‘Illegal’ and ‘immoral’ are the adjectives used most often to describe the Iraq War; ‘unnecessary’ and ‘incompetent’ would be more precise. Ricks’s coruscating analysis of the conflict, ‘Fiasco: The American Military Adventure in Iraq’, follows George Packer’s ‘The Assassins’ Gate’ and Michael Gordon and Bernard Trainor’s ‘Cobra II’ in offering examples of official arrogance and stupidity on every page.
Packer was a liberal hawk who needed to believe the war would work despite all evidence to the contrary. Ricks is more at ease in his anger (perhaps because his paper, the Washington Post, toed the line to the point of propaganda), so his denunciations lack the angsty crackle that made ‘The Assassins’ Gate’ such a terrific read. Ricks also lacks Packer’s gift for narrative and wide-angle approach, but makes up for it with hard contacts, which he uses to emphasise that the mistakes and inventions that undermined the occupation directly fostered the insurgency and were anticipated by critical experts before the invasion.

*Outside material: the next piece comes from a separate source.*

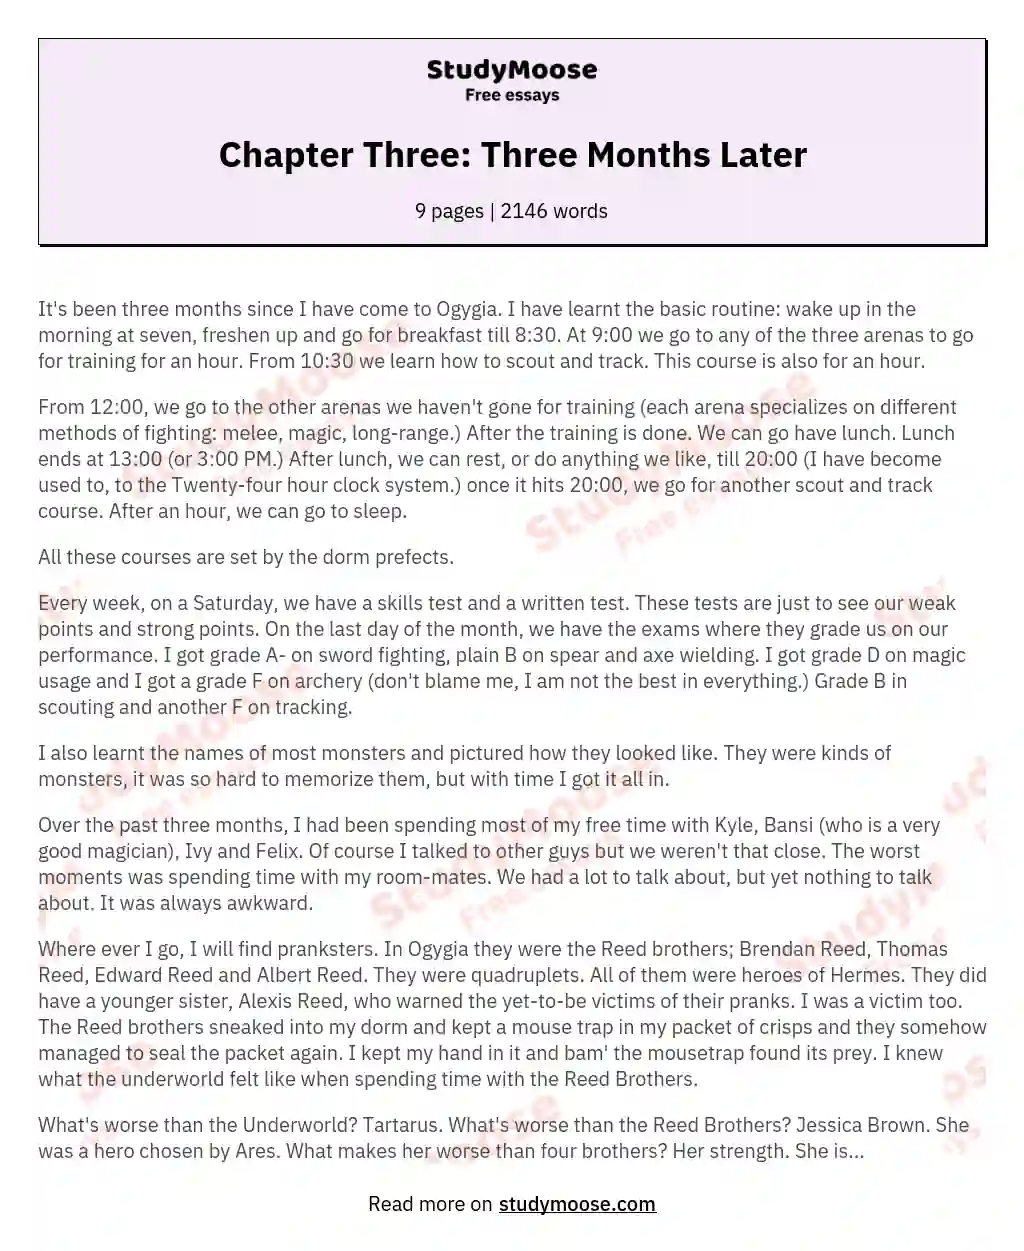 Chapter Three: Three Months Later

Like ‘Cobra II’, Ricks is big on strategy (‘the worst war plan in American history’) and execution, but he covers the insurgency and occupation in greater detail than Gordon and Trainor. And unlike Packer, Ricks is not impressed by the intellectuals behind the war – one soldier sarcastically dismisses Paul Wolfowitz as‘crack-smoking stupid’ – let alone Donald Rumsfeld, the pantomime villain in all three books. Ricks’s speciality, though, is getting inside the military mentality, and we learn much about the Army, from tactics and weapons to language, including a fondess for acronyms (SWAGS – scientific wild-assed guesses) or the ‘verbal tic of the US military that officers tend to say challenge when they mean problem’. There were a lot of challenges in Iraq.